The search for meaning has never been more puckishly considered than in DAVE MADE A MAZE, an ingenious horror-fantasy-comedy of existential angst. Rife with metaphor and deadly origami come to life, it finds the time-space continuum falling victim to one man’s determination to finally finish something he started, and explores the deadly results of leaving a man in the throes of an early-life crisis alone for the weekend.

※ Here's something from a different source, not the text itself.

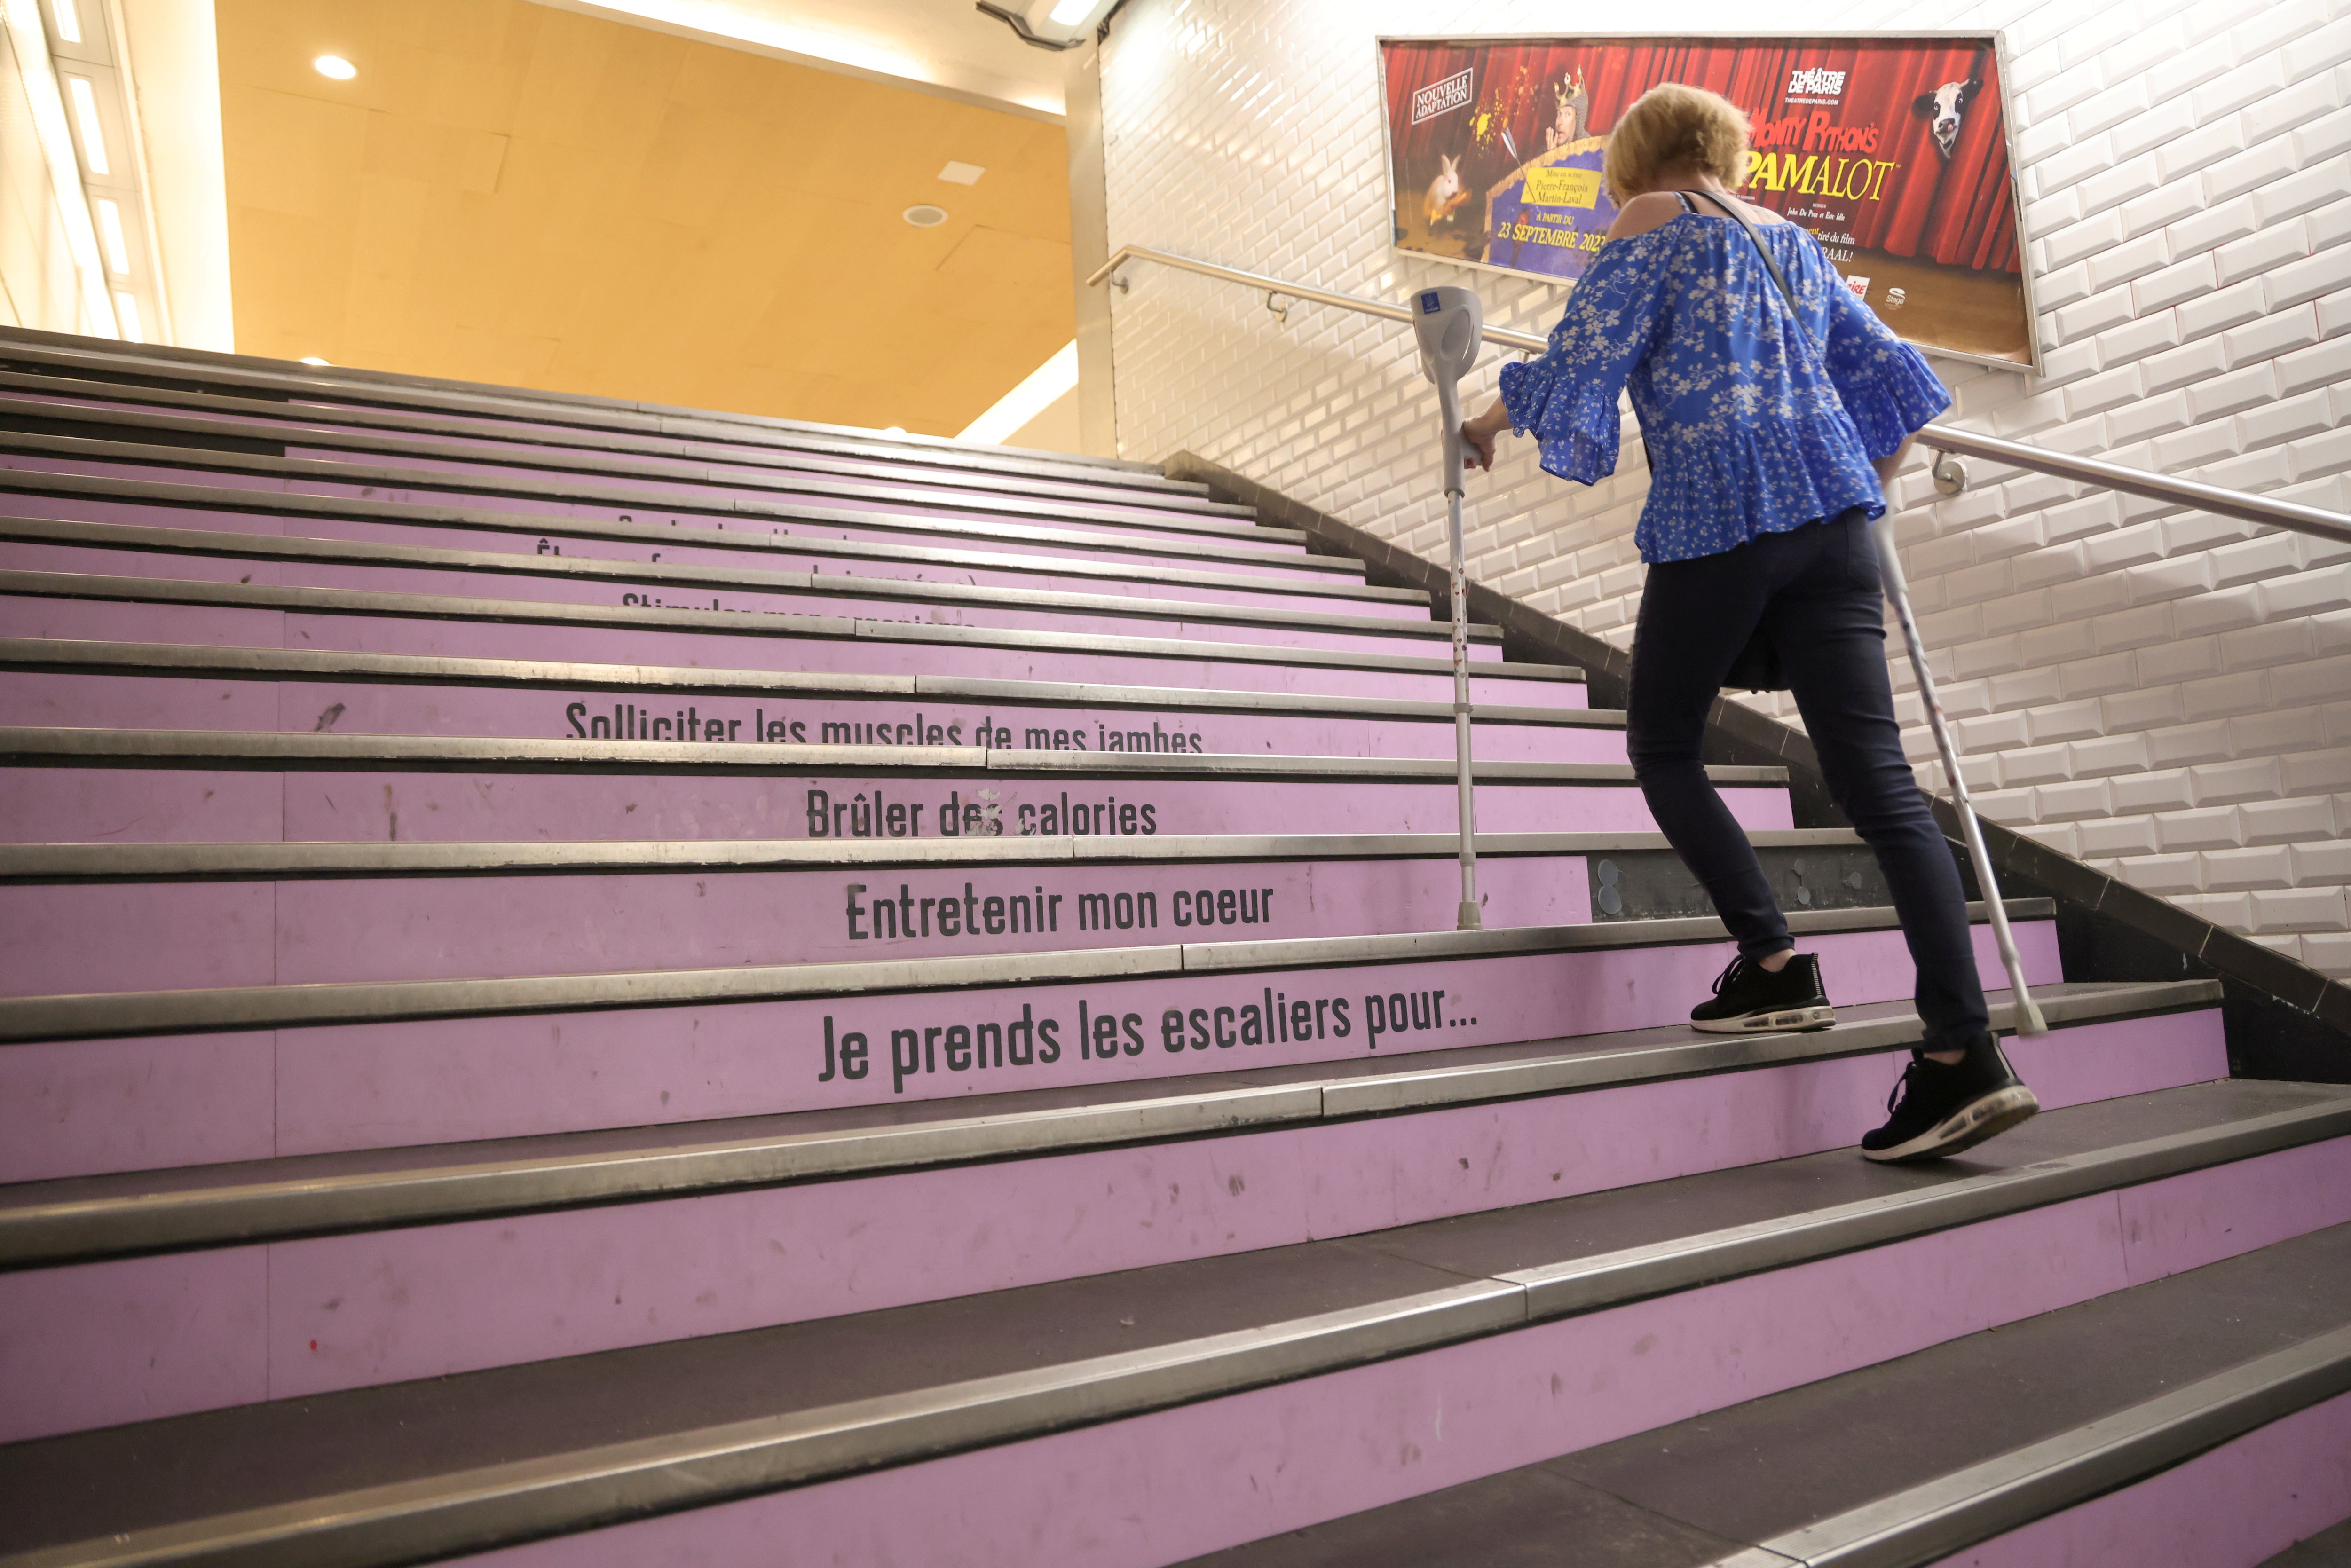 Escalators en panne ou inexistants, pas d'ascenseur... Dans les transports en commun, Aline rencontre de nombreuses difficultés. LP/Philippe Lavieille
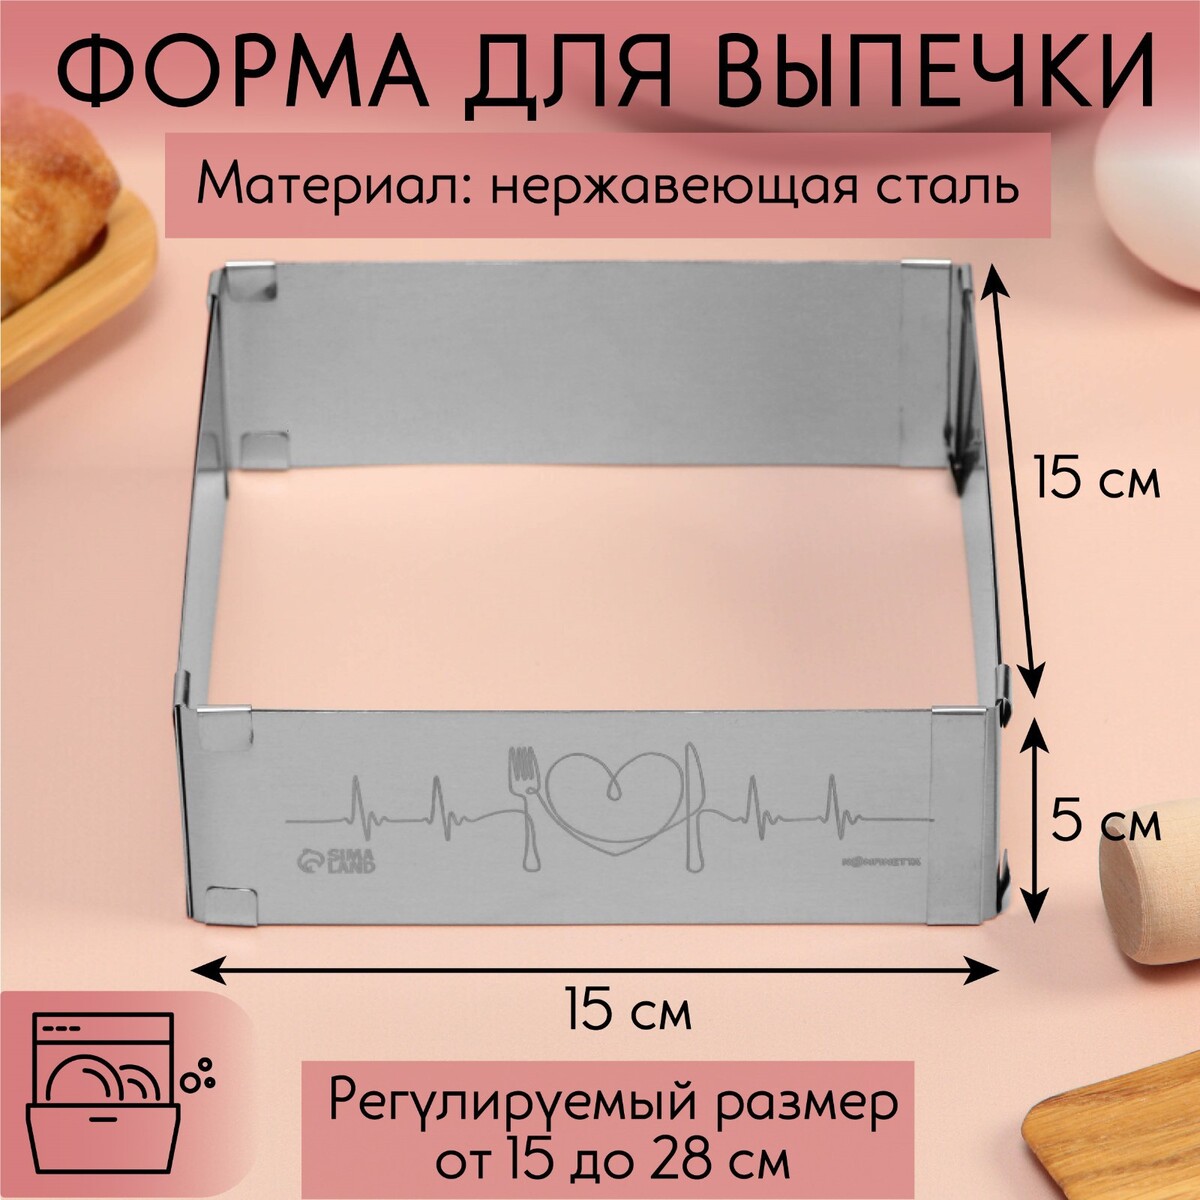 Форма для выпечки прямоугольная с регулировкой размера love, h-5 см, 15x15 - 28x28 см форма для выпечки прямоугольная 44 х 29 см dekok

The eponymous Dave (Nick Thune) is an artist, endearing, yet infamous for never finishing what he starts. That all changes during the ci-mentioned weekend, when he takes cardboard and craft materials to constructs a labyrinth in his living room, starting from the center and working his way out. When his girlfriend Annie, (the deliciously deadpan Meera Rohit Kumbhani) returns to their apartment, she tries to take it in stride that her home has been taken over by Dave’s project, and that he claims to be lost inside it. She’s even willing to humor him about not tearing it apart so that he can put the finishing touches on his creation that emits steam and peculiar sounds when jostled. Eventually, though, she calls for help in the person of Dave’s best friend, hipster non-dufus Gordon (Adam Busch), who ignores the request to come alone. Despite Dave’s warning that it’s dangerous to enter the labyrinth, they do, along with Harry (James Urbaniak), the pretentious documentarian, his stolid, yet intrepid boom operator (Frank Caeti), and assorted giddy friends, none of whom know what they’re getting into, literally or figuratively.
As Dave warned them, the labyrinth is much bigger on the inside, and boobytrapped, because as Gordon explains, a labyrinth without booby traps is just a series of articulated hallways. It’s also as dangerous as he said it would be, signaled by the way the blood that drips from Gordon’s papercut and mysteriously disappears into the cardboard. Yet, there is also an enchantment to the playful celebration of handmade craftiness, in many sense of the word, as the travelers encounter whimsical forced perspective, an interlude where they are all turned into puppets, a variation on the dreaded vagina dentata, and a decapitation that features Annie’s good yarn instead of conventional blood.
If DAVE MADE A MAZE were just a variation on Alice’s trip down a rabbit hole, it would be eminently charming, but there is a psychological subtext at work here that is both pointed and perceptive. The labyrinth’s nascent self-awareness has an id-like quality, while the minotaur that stalks the cardboard halls is a perfect manifestation of the shadow self. Combine that with dry black humor, sharp satire, and clever animation that annotates the action and what you have is a film that tickles the intellect as well as the funny bone.